(Beginning of MATERIAL PROVIDED)
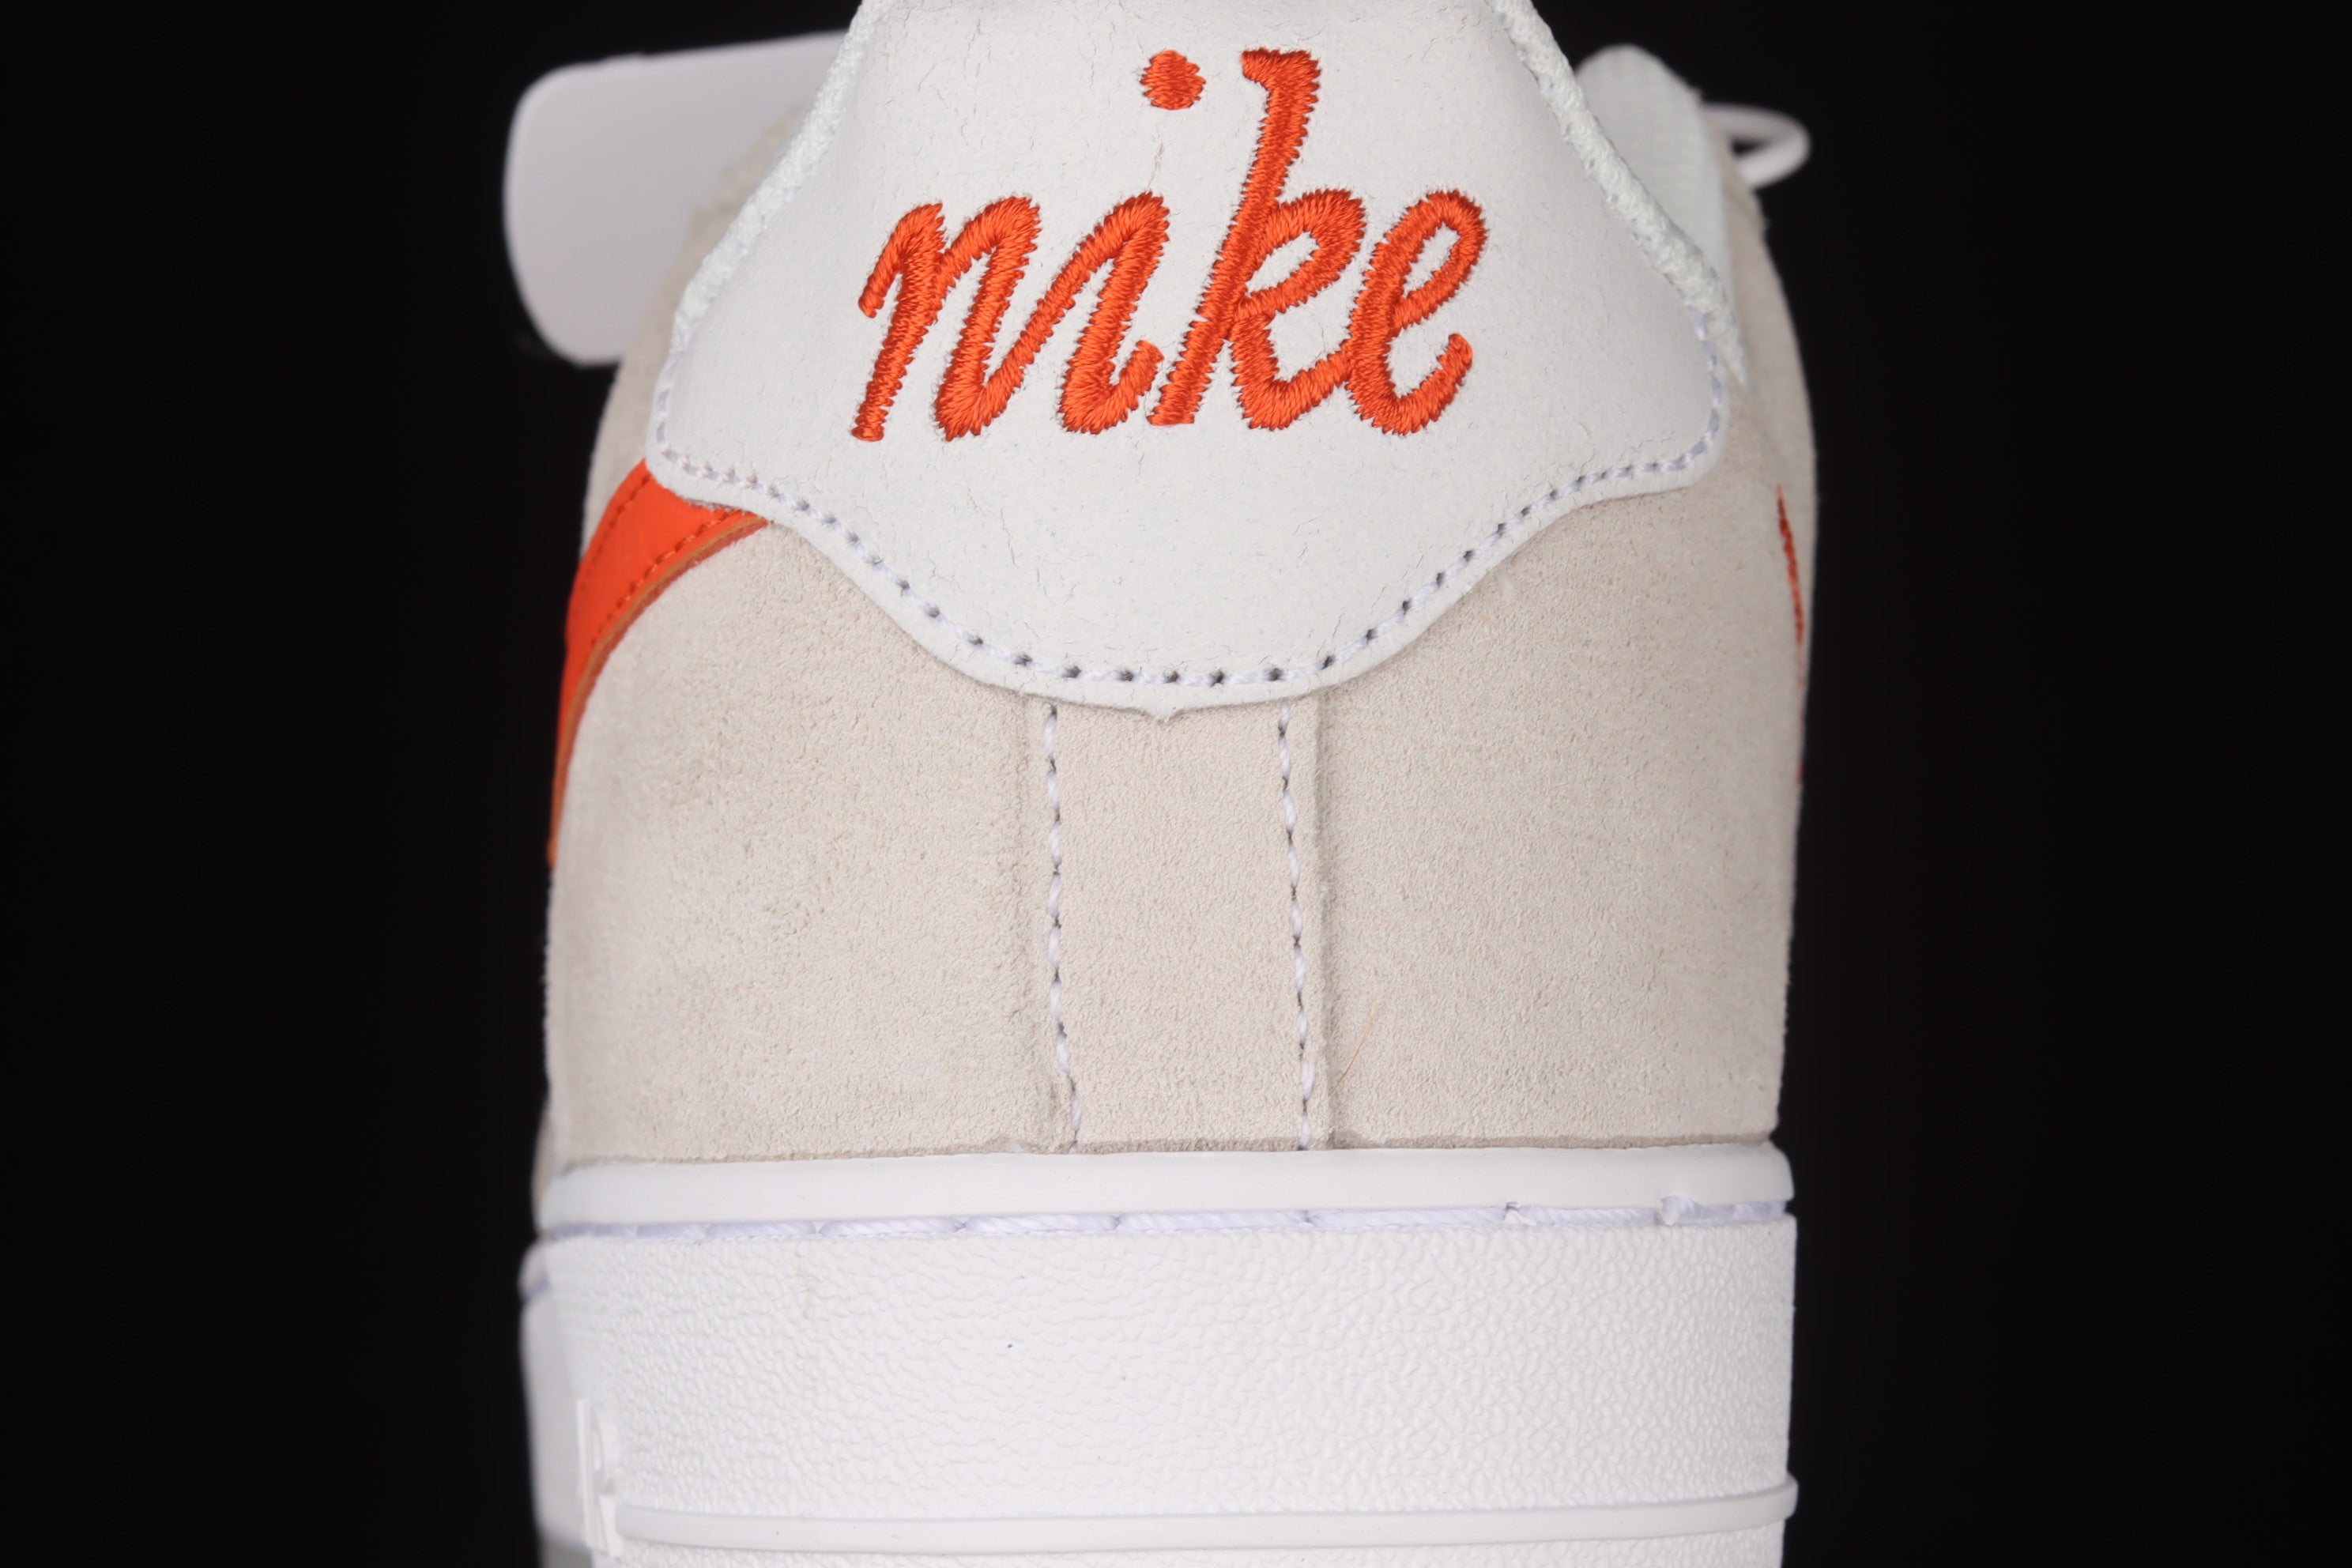 NikeWMNS Air Force 1 AF1 Low First Use - Cream
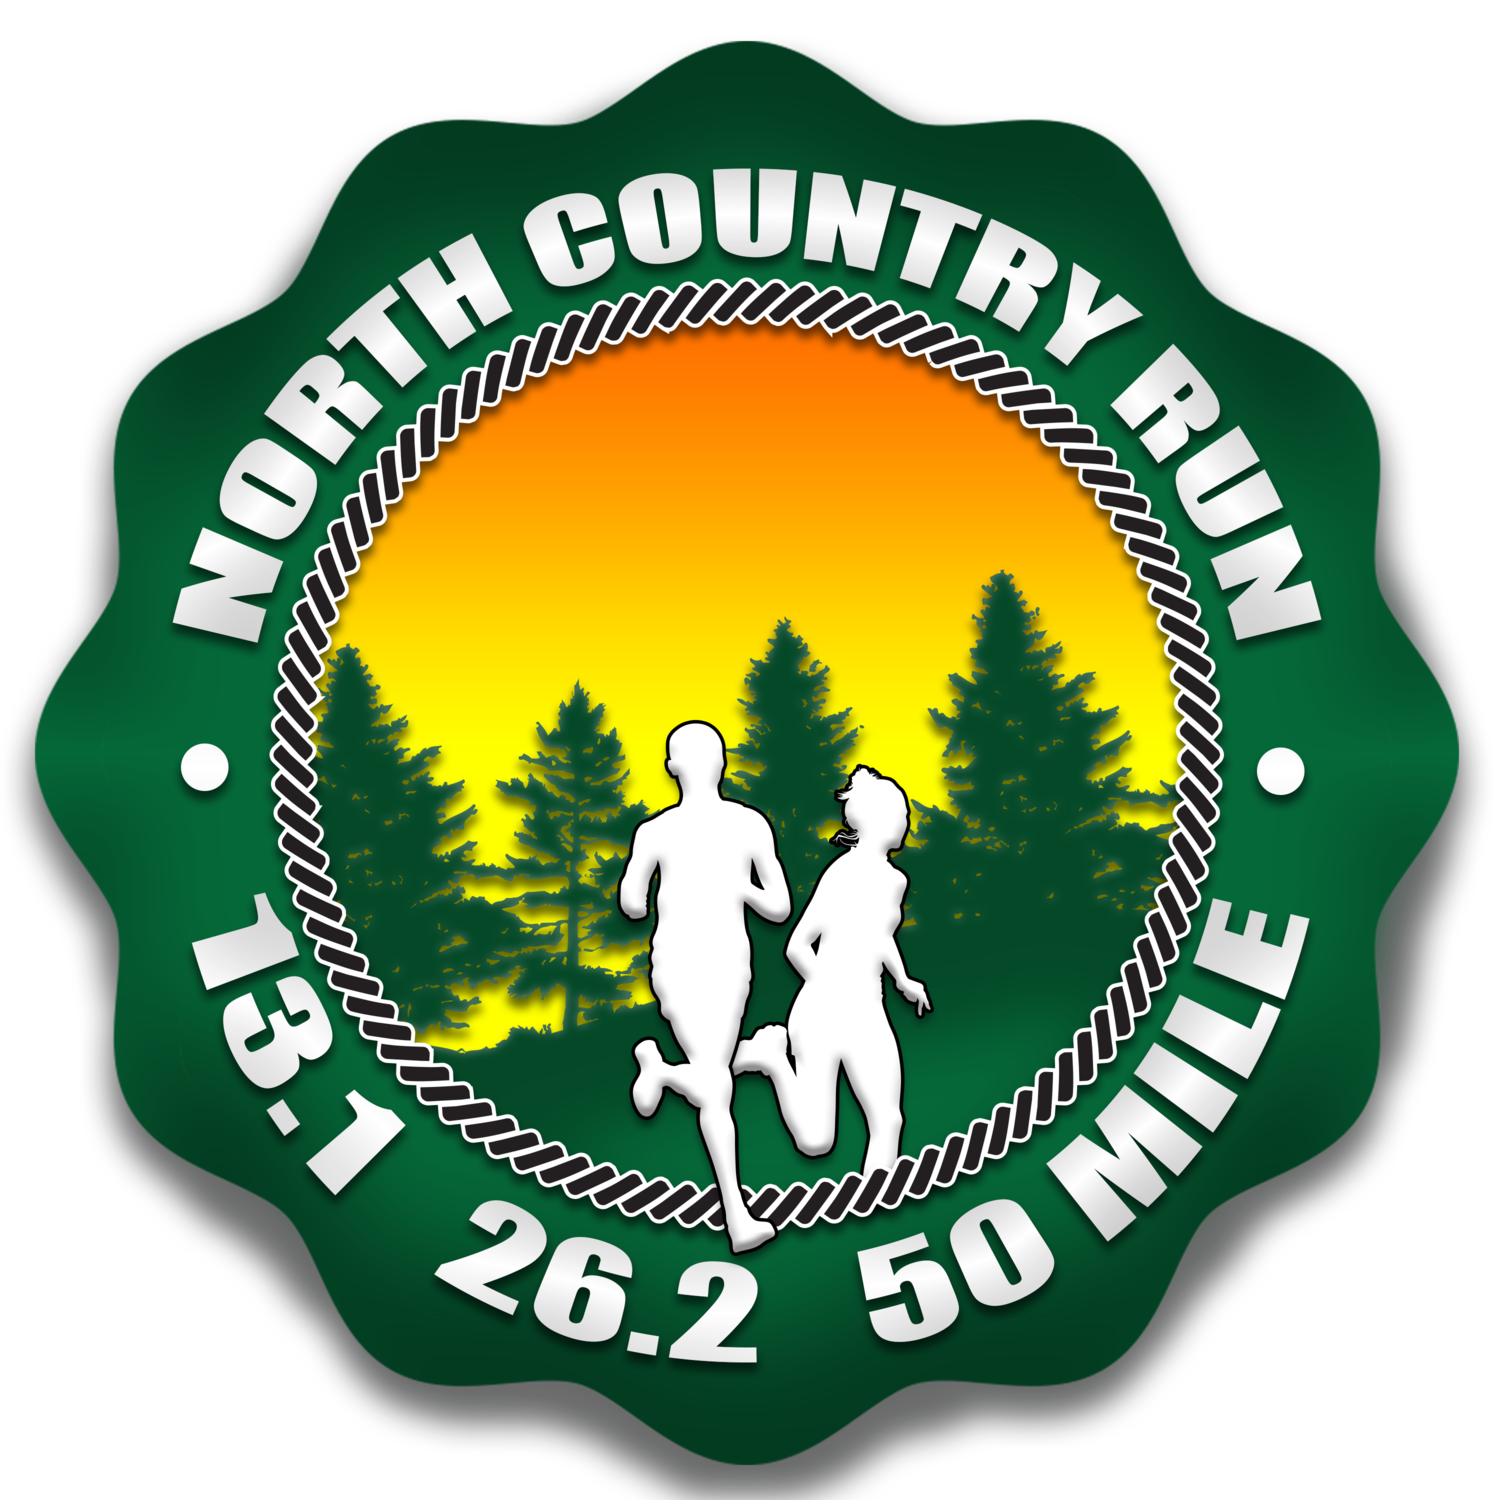 2019 to 2020 North Country Trail Run Transfer Form
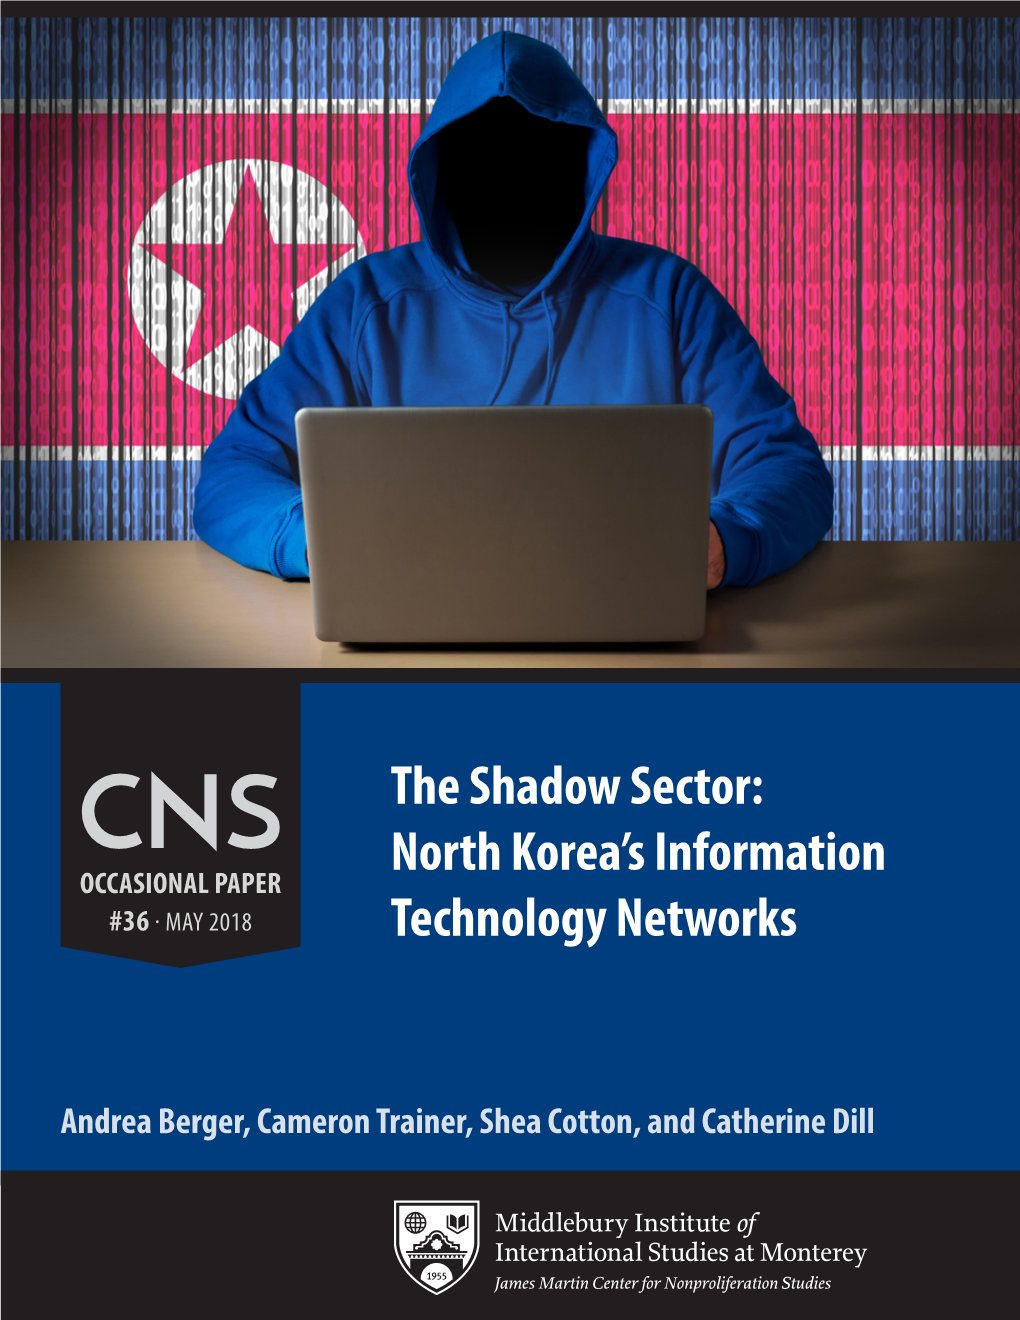 The Shadow Sector: North Korea's Information Technology Networks
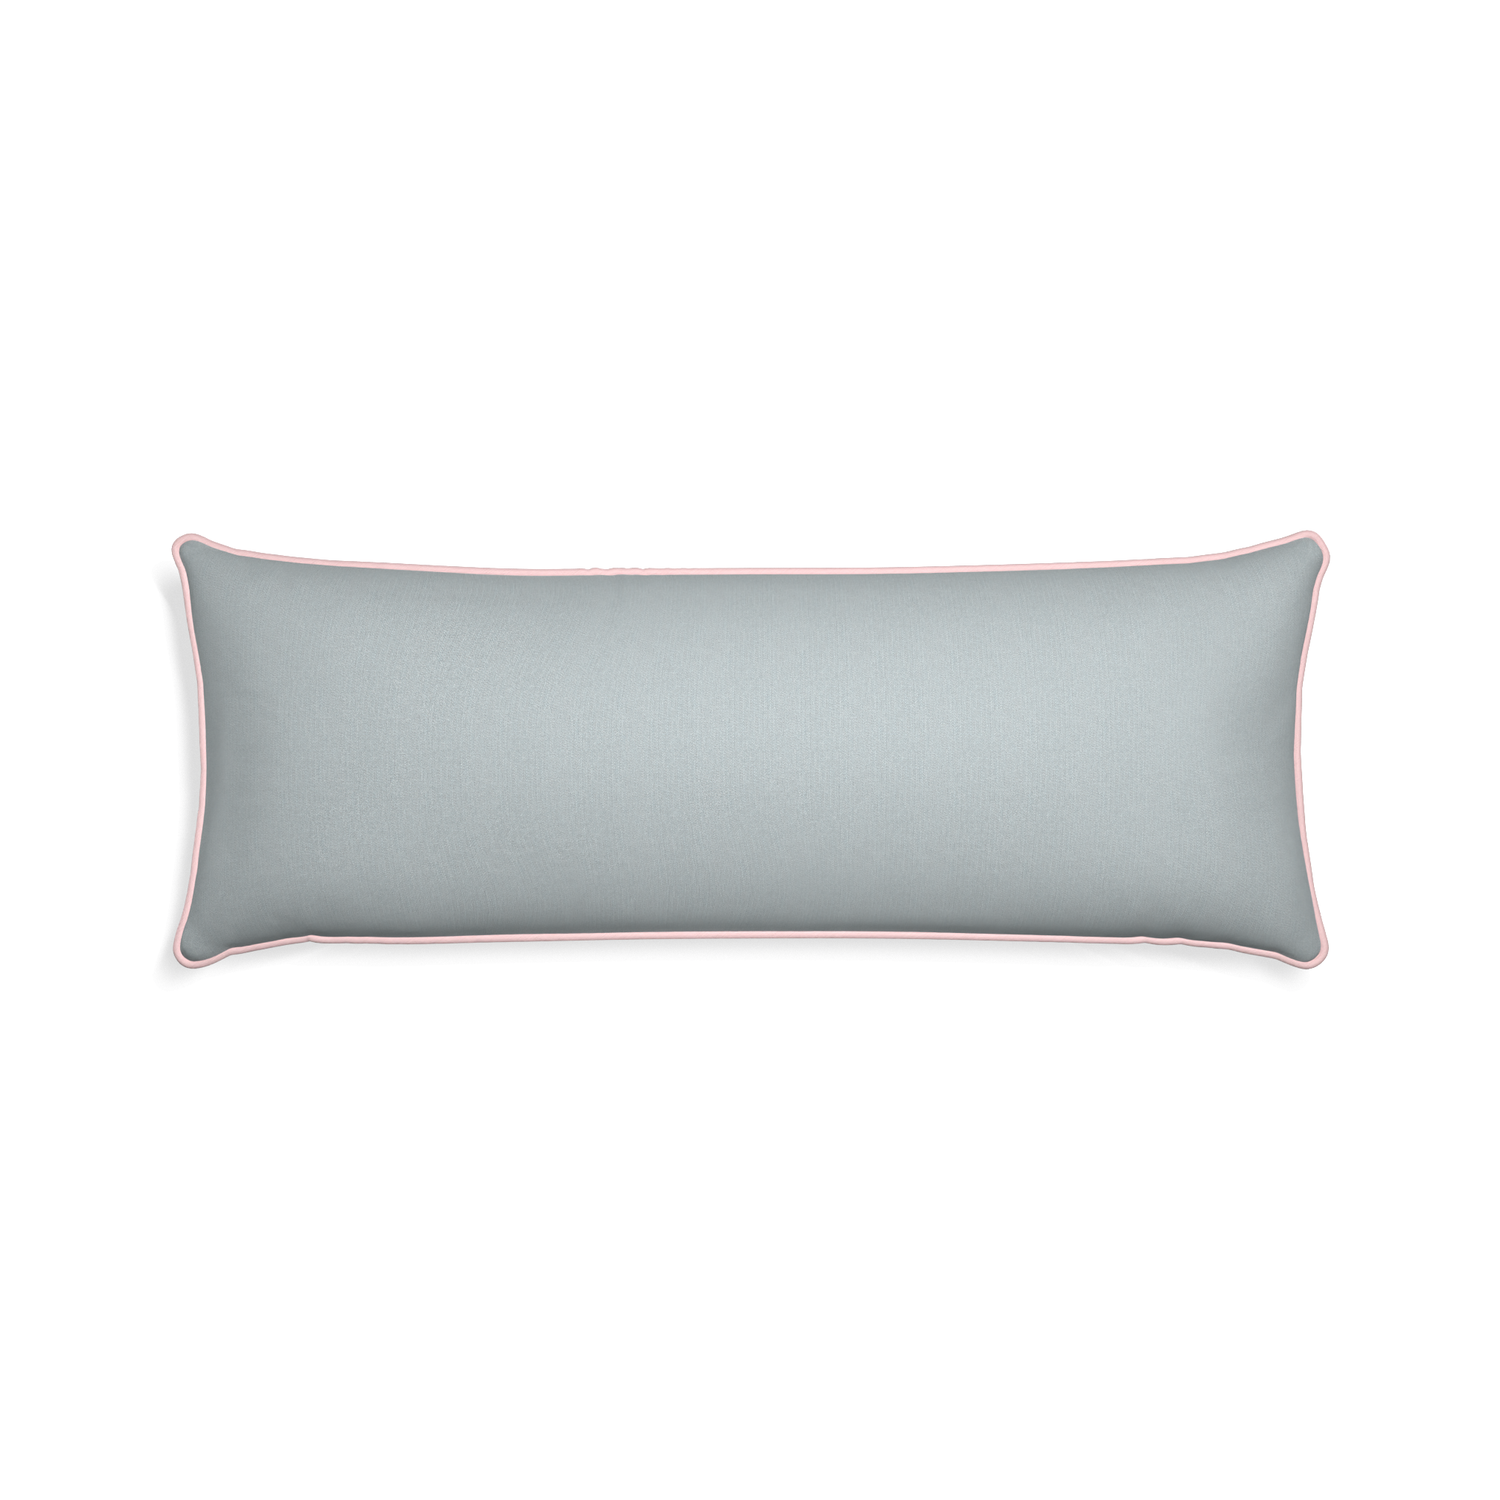 Xl-lumbar sea custom grey bluepillow with petal piping on white background
(End of MATERIAL PROVIDED)
• _WORK ITEM_
Return all the data above as written, leaving out only the pictures.

• _EXERCISE SOLUTION_
 NikeWMNS Air Force 1 AF1 Low First Use - Cream
 2019 to 2020 North Country Trail Run Transfer Form
 The Shadow Sector: North Korea's Information Technology Networks
 Xl-lumbar sea custom grey bluepillow with petal piping on white background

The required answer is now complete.